■ What you should do ■
From the line containing "White, blue and" to the line containing "VANS - MN AUTHENTIC" in the entries below, reproduce every line exactly, ends included. Nothing else belongs in the copy, and no pictures.

■ Entries provided ■
[Start of Attachment]
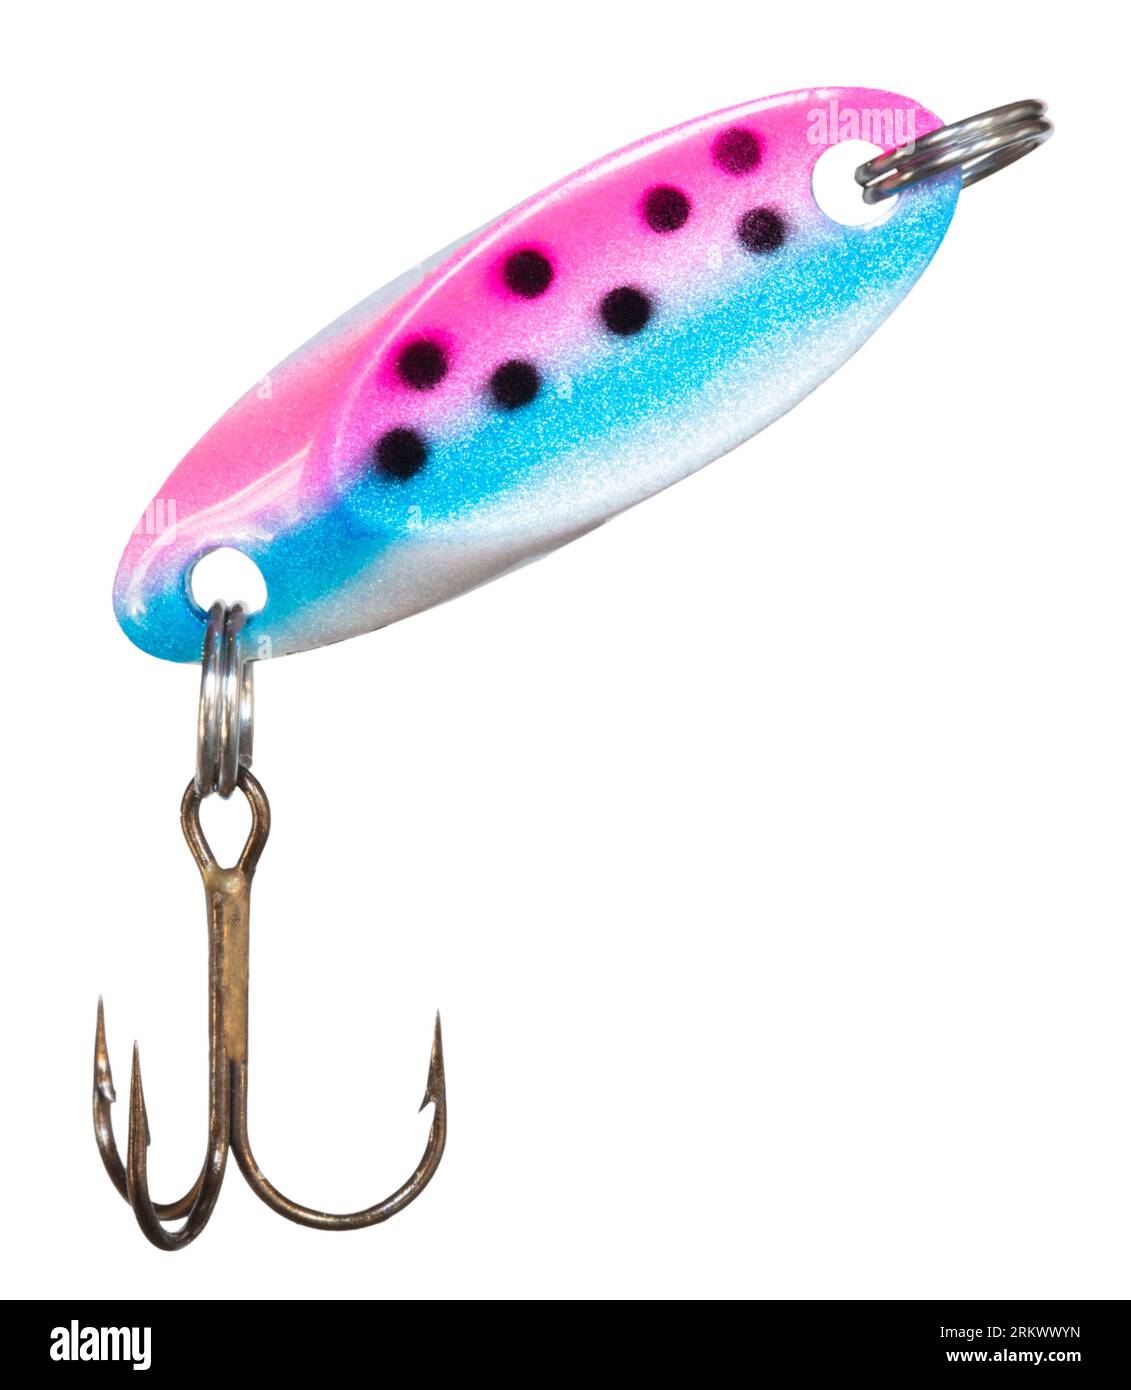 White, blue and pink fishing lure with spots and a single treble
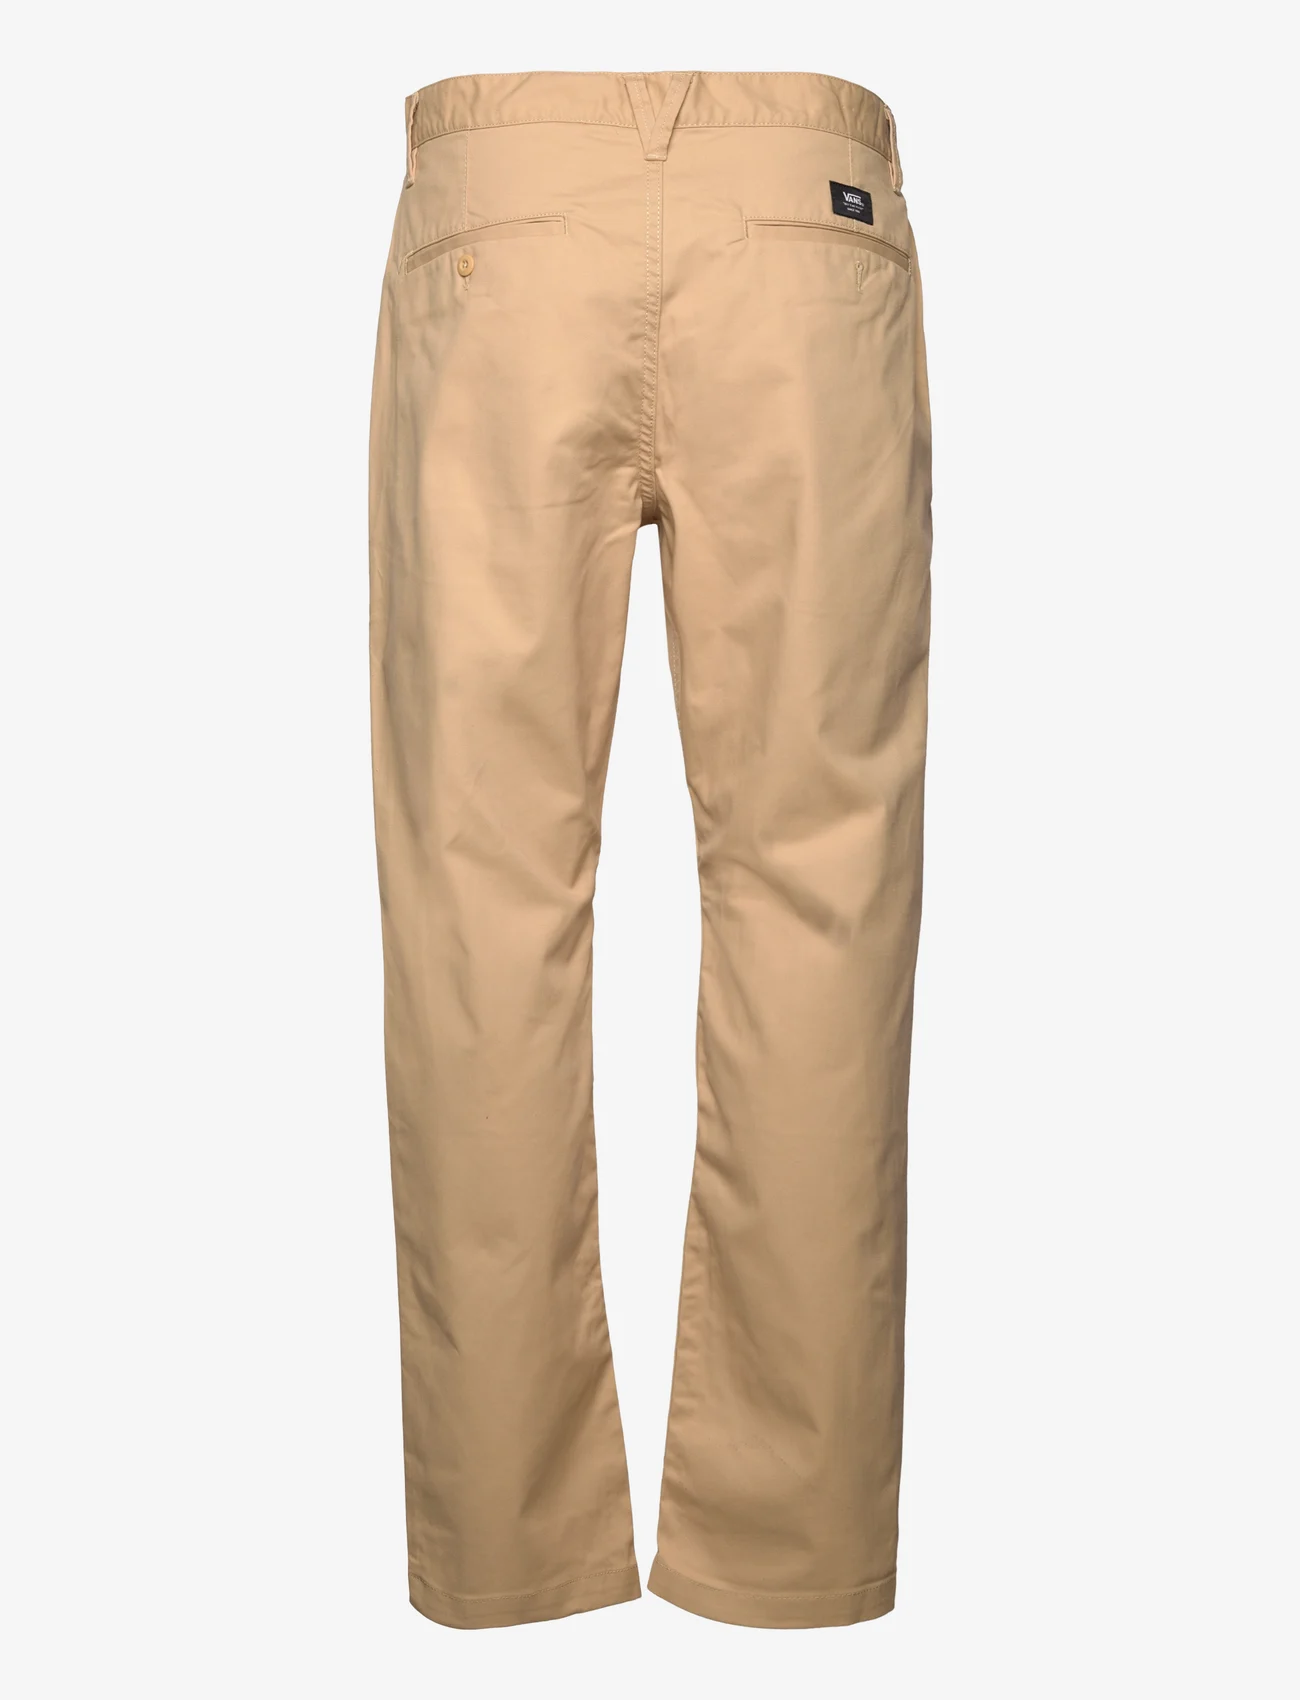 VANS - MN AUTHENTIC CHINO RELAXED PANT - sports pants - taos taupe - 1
[End of Attachment]
[Start of Attachment]
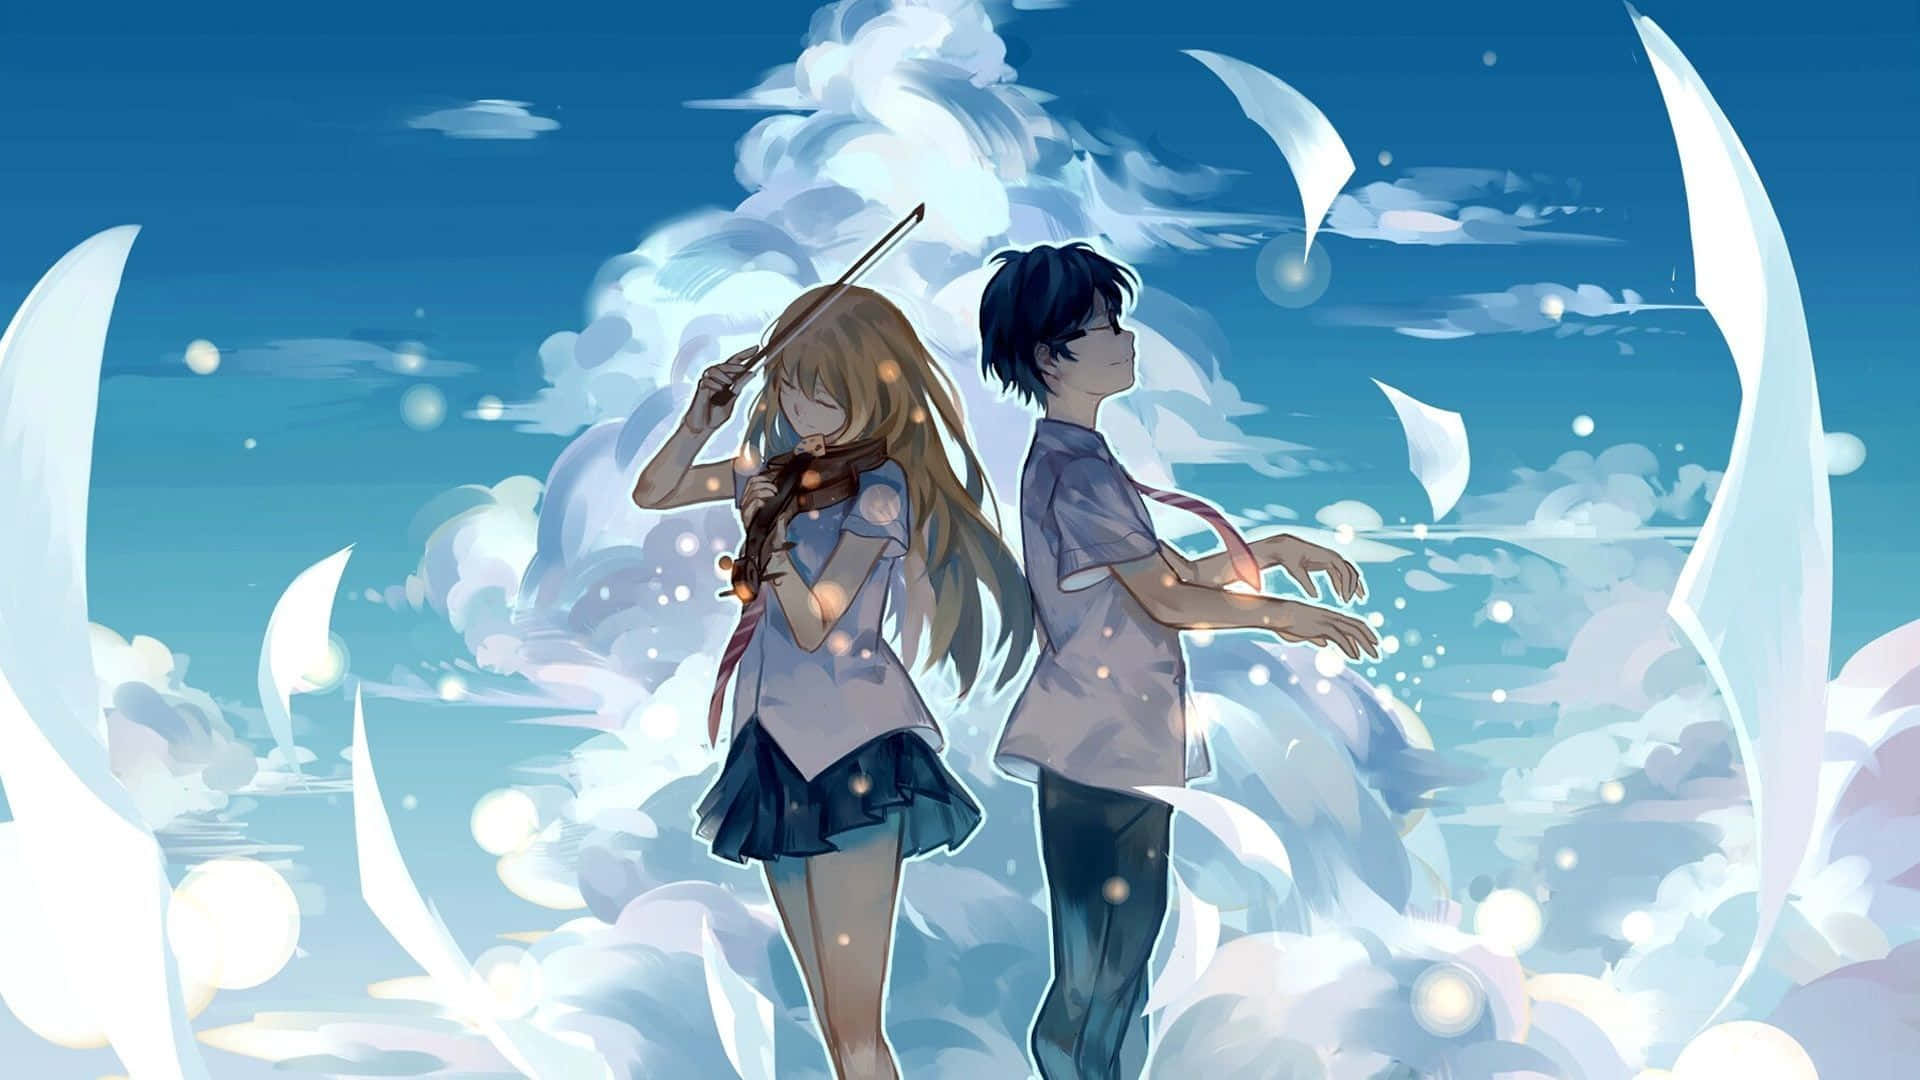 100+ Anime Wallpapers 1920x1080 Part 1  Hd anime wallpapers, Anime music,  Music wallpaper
[End of Attachment]
[Start of Attachment]
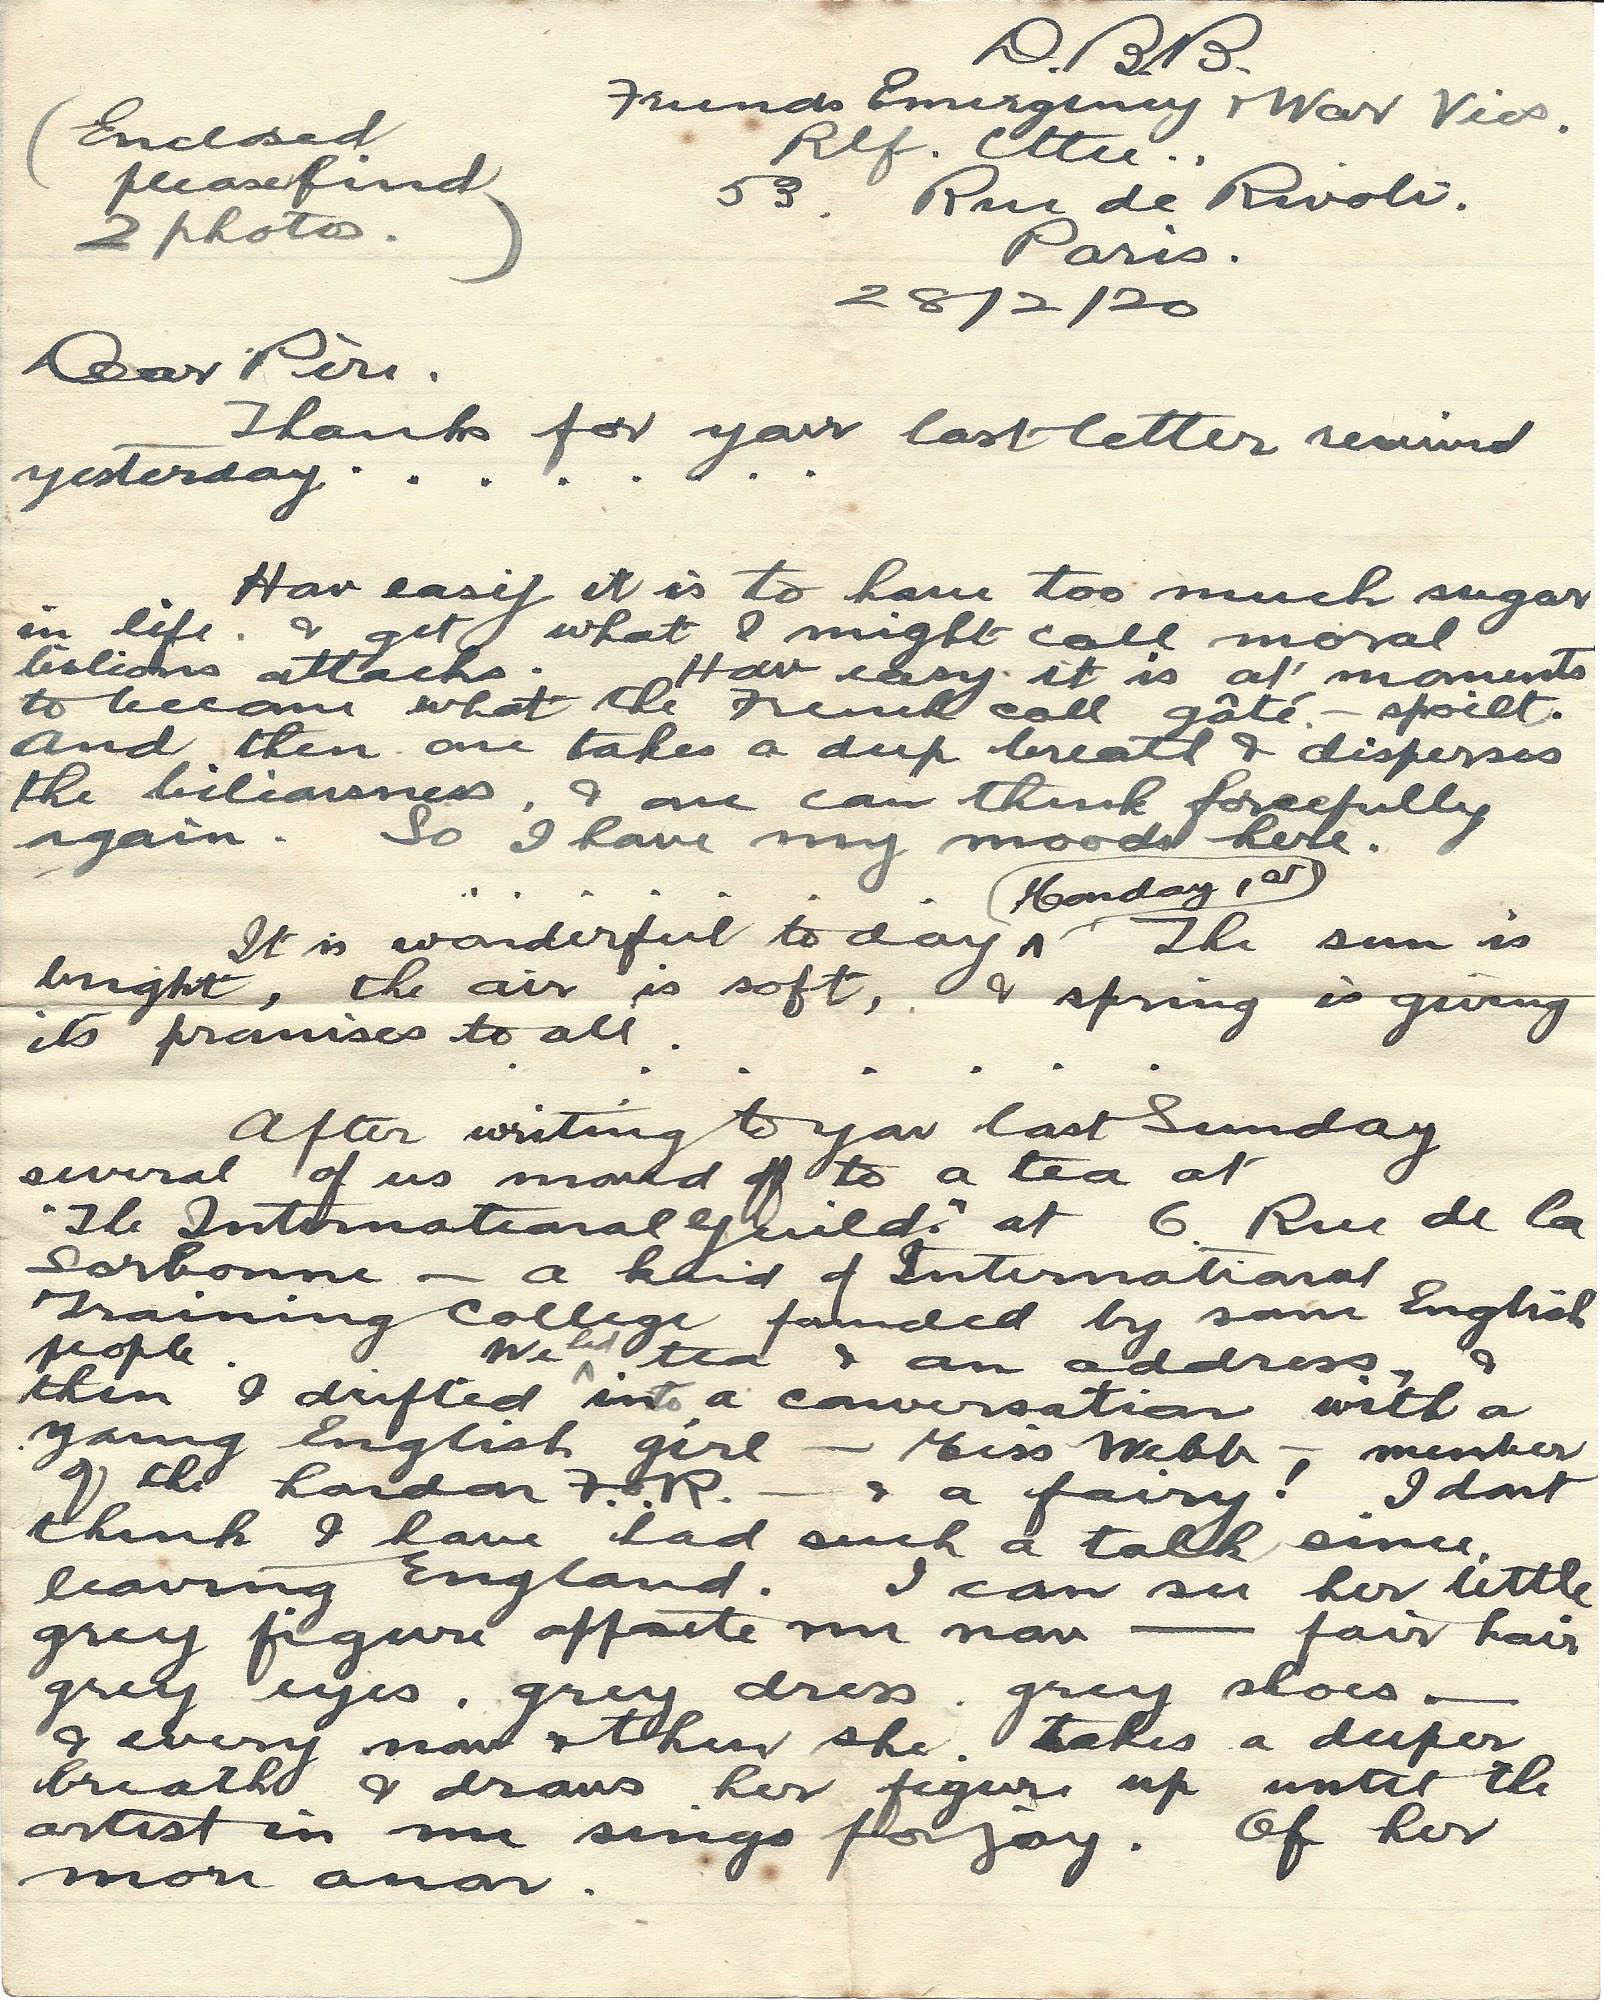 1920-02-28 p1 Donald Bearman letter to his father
[End of Attachment]
■ Result of this exercise ■
 White, blue and pink fishing lure with spots and a single treble
 VANS - MN AUTHENTIC CHINO RELAXED PANT - sports pants - taos taupe - 1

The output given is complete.